Let $M$ be a $2$-sphere with $g$ handles. Consider the space of maps $M\to \mathbb R^3$, which are immersions [i.e. smooth maps with nondegenerate differential in each point $x\in M$], with compact-open topology. It is well-known that for $g=0$ this space is path-connected; and how about the same question when $g>0$? Is it an open question, or it's possible to find the article with the proof?

Answer 1

The space of immersions has $2^{2g}$ components.

Let's go back to the proof of the fact for $g=0$: Smale-Hirsch immersion theory. The form of the result I want is from here.

Theorem: The space of immersions $\Sigma_g \to \Bbb R^3$ is homotopy equivalent to the space of bundle injections $T\Sigma_g \to \bf{3}$, the trivial bundle of rank 3 over $\Sigma_g$.

Instead of re-writing the wheel, I'll take the answer there starting at the cited theorem and say what must be modified.

What the author there obtains is that that space of immersions is homotopy equivalent to $\text{Maps}_*(\Sigma_g,O(3)) \times SO(3)$. Nothing about that was special to $g=0$. (Note that because we're basepointed we may as well call the mapping space $\text{Maps}_*(\Sigma_g,SO(3))$.) The issue is in his identification of that mapping space, he realizes that for $g=0$ it's $\Omega^2 SO(3)$, which is easily identified. We can't quite do this.

1) There are many homotopy classes, depending on the choice of homomorphism $\pi_1(\Sigma_g) \to \pi_1(SO(3))$ we pick. There are $2^{2g}$ many of them. If we fix the induced map to be zero, passing to the double cover of $SO(3)$ shows that this map is null, so there are precisely that many homotopy classes.

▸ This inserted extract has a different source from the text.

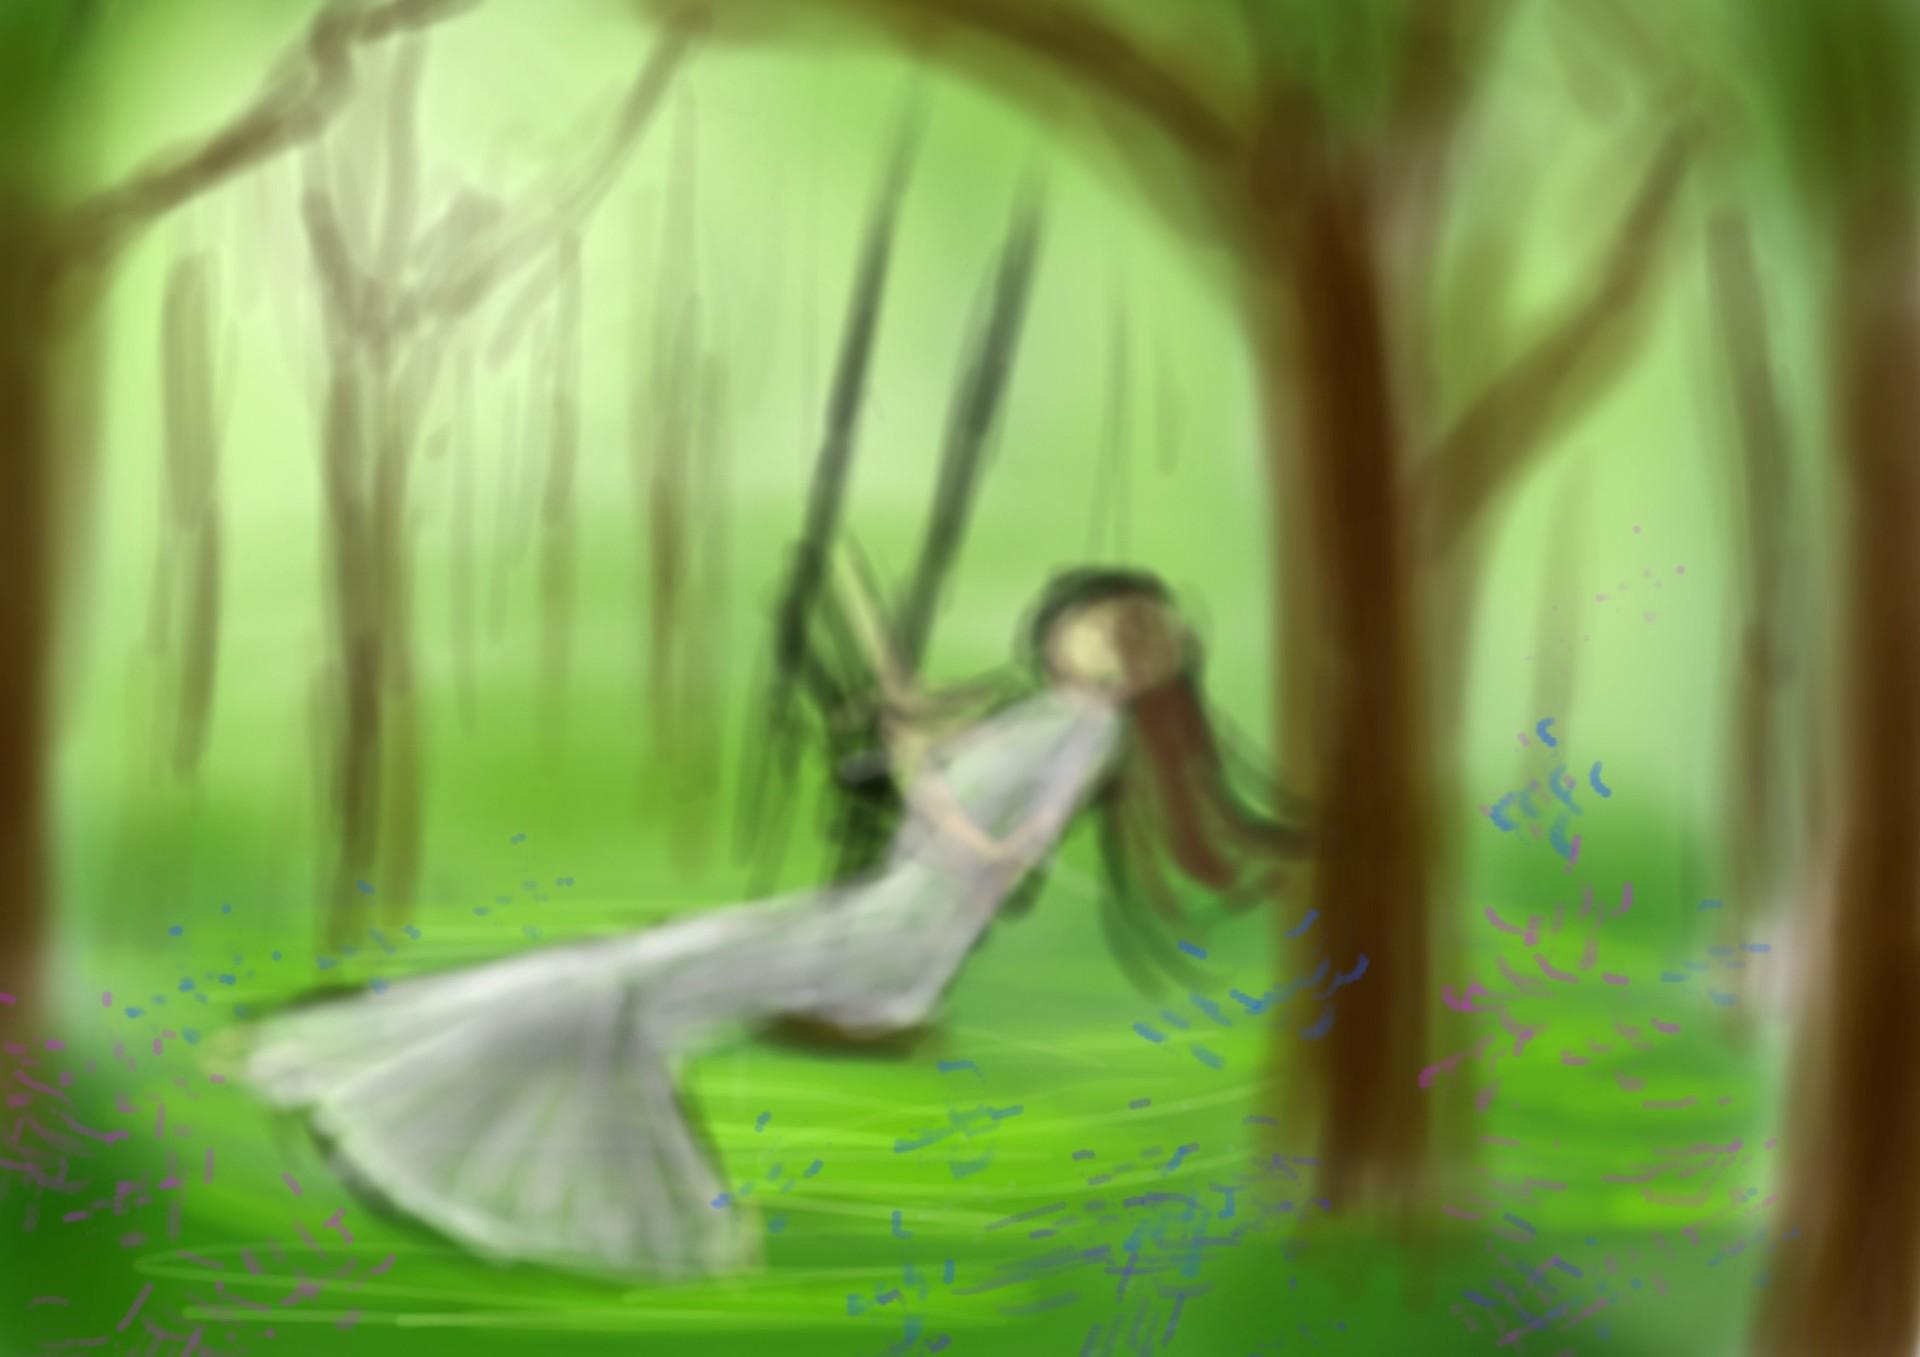 Akai shoku spring sketch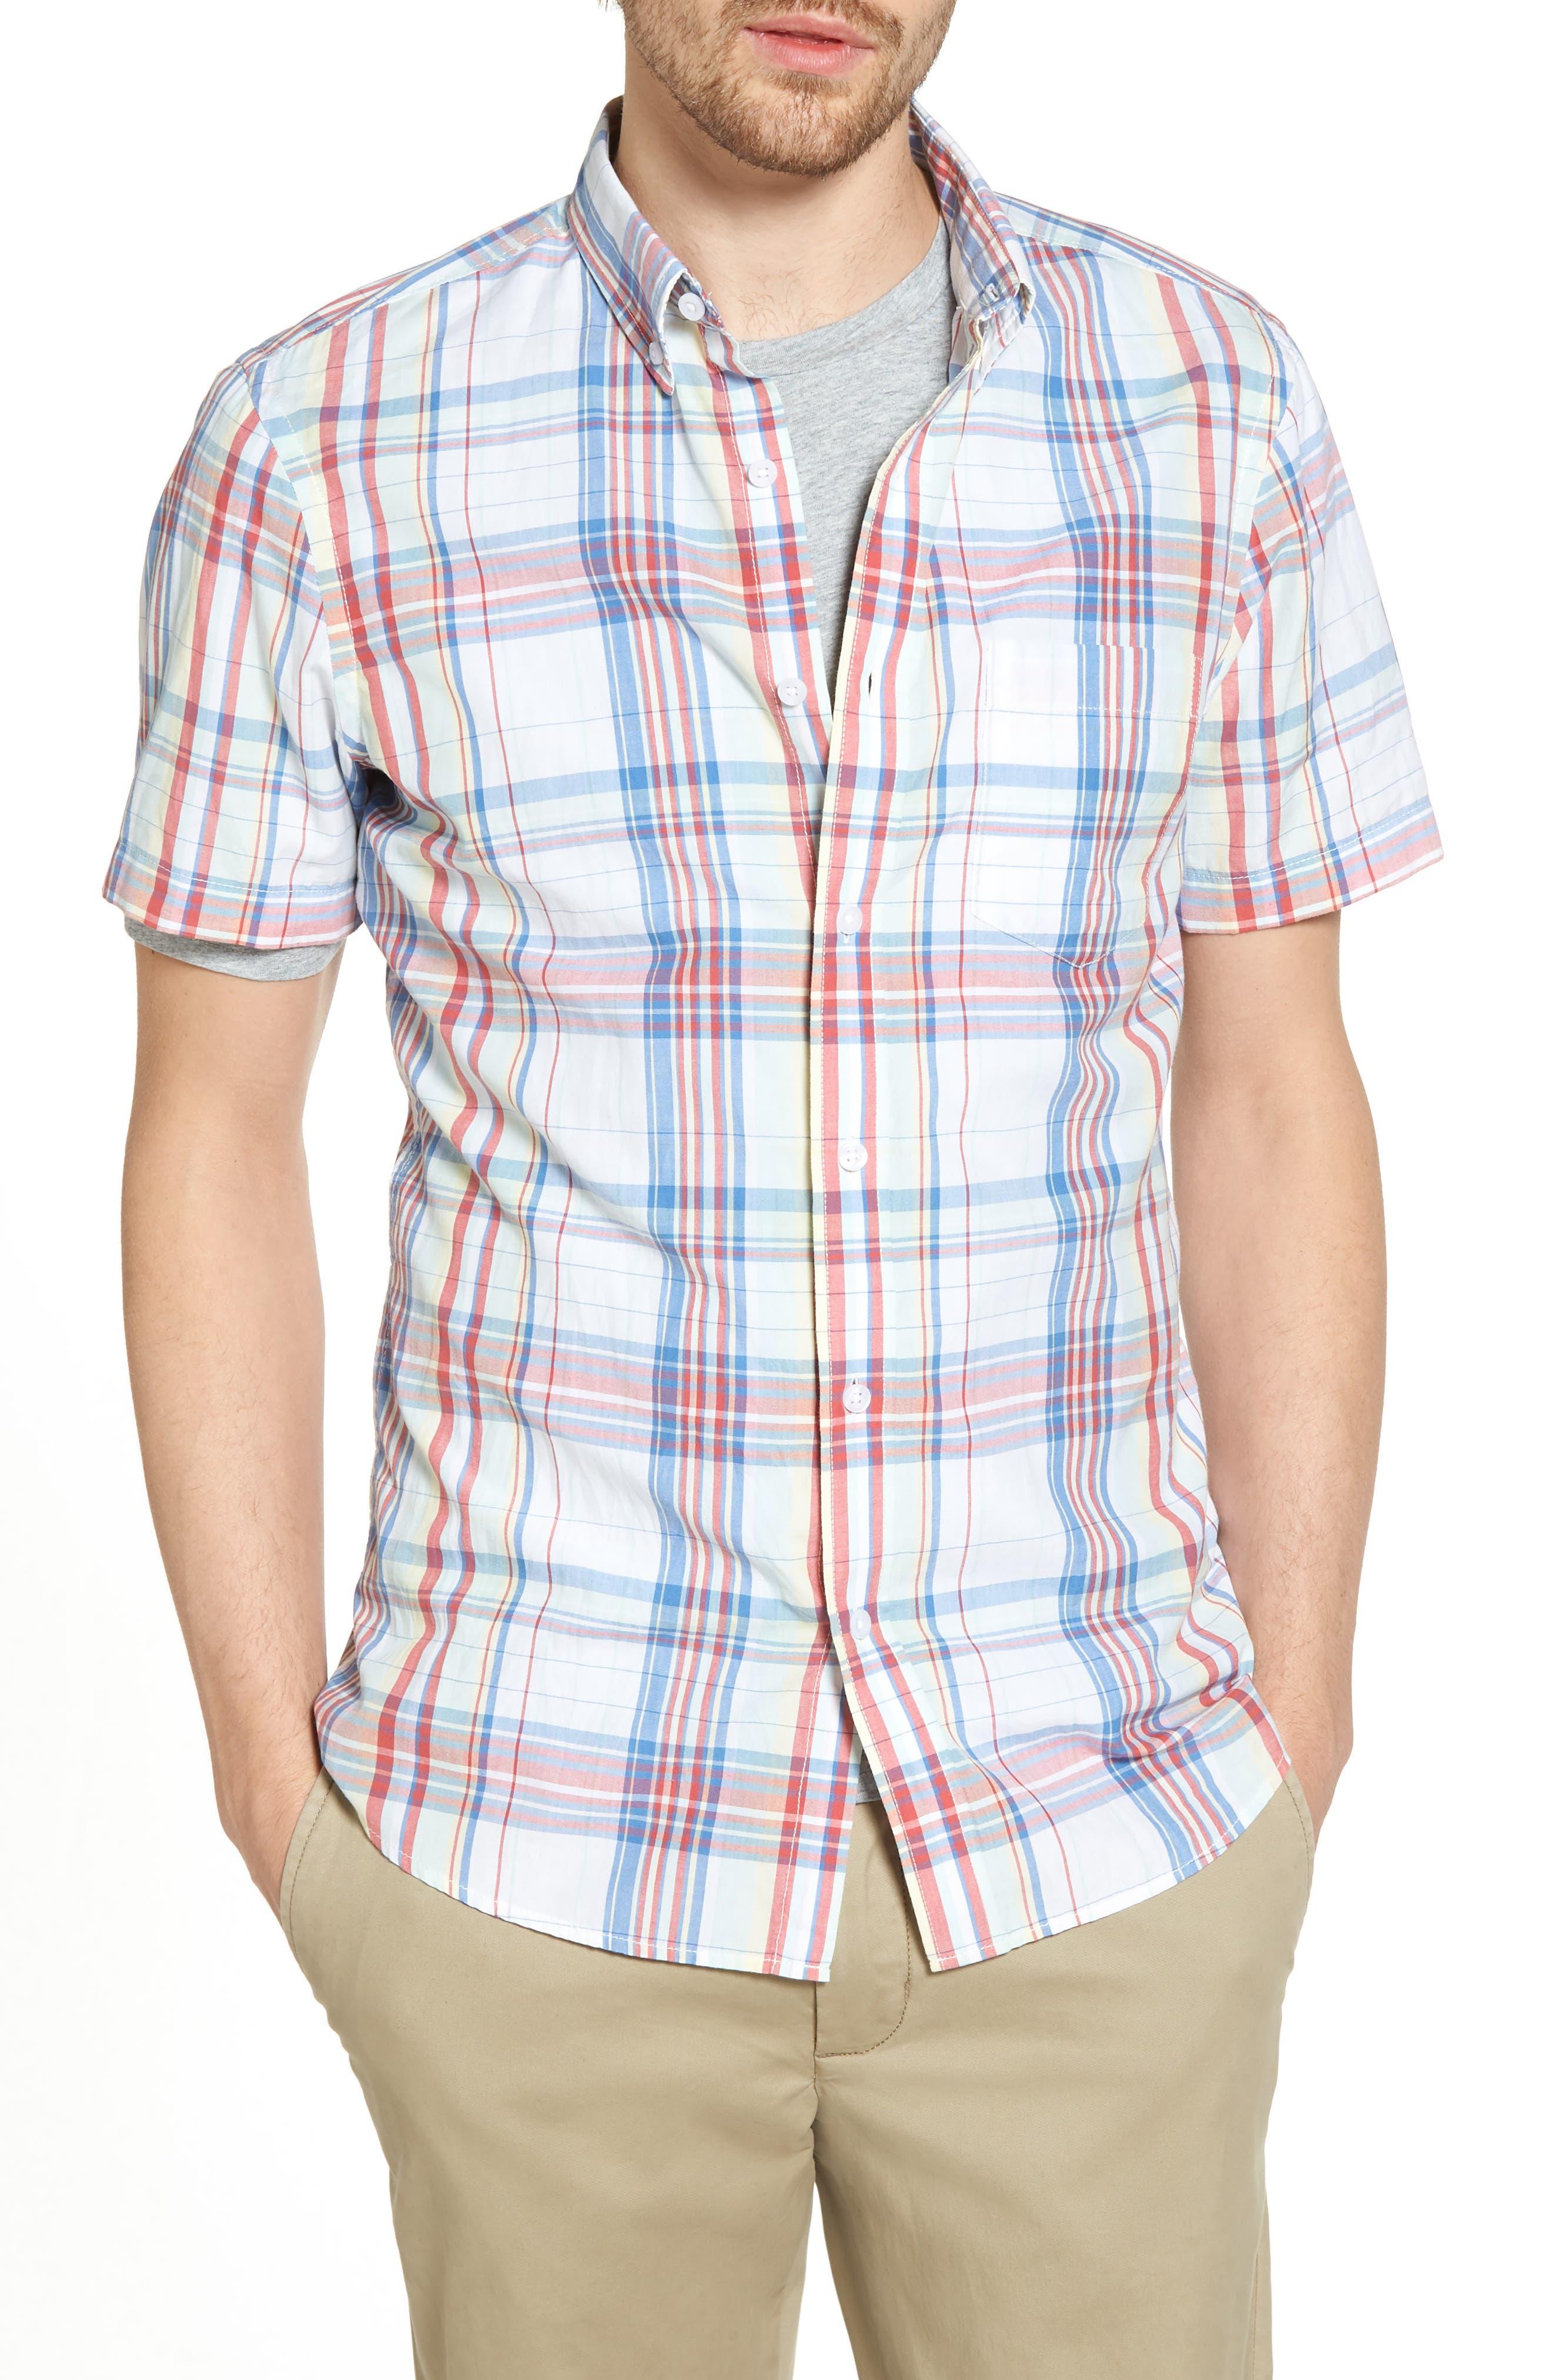 Trim Fit Plaid Short Sleeve Sport Shirt,                         Main,                         color, White Red Multi Plaid

Phrasing this in terms of geometry, by picking a single immersion into $\Bbb R^3$, we've chosen a framing of the stable tangent bundle $T\Sigma_g \oplus \bf 1$. Any other immersion's framing differs by a map $\Sigma_g \to SO(3)$, and this space has $2^{2g}$ components.

Note that Smale-Hirsch immersion theory is for $C^\infty$ things, and I bet you can get it down to $C^2$. I don't know about $C^0$, $C^1$. I bet it's disconnected then too.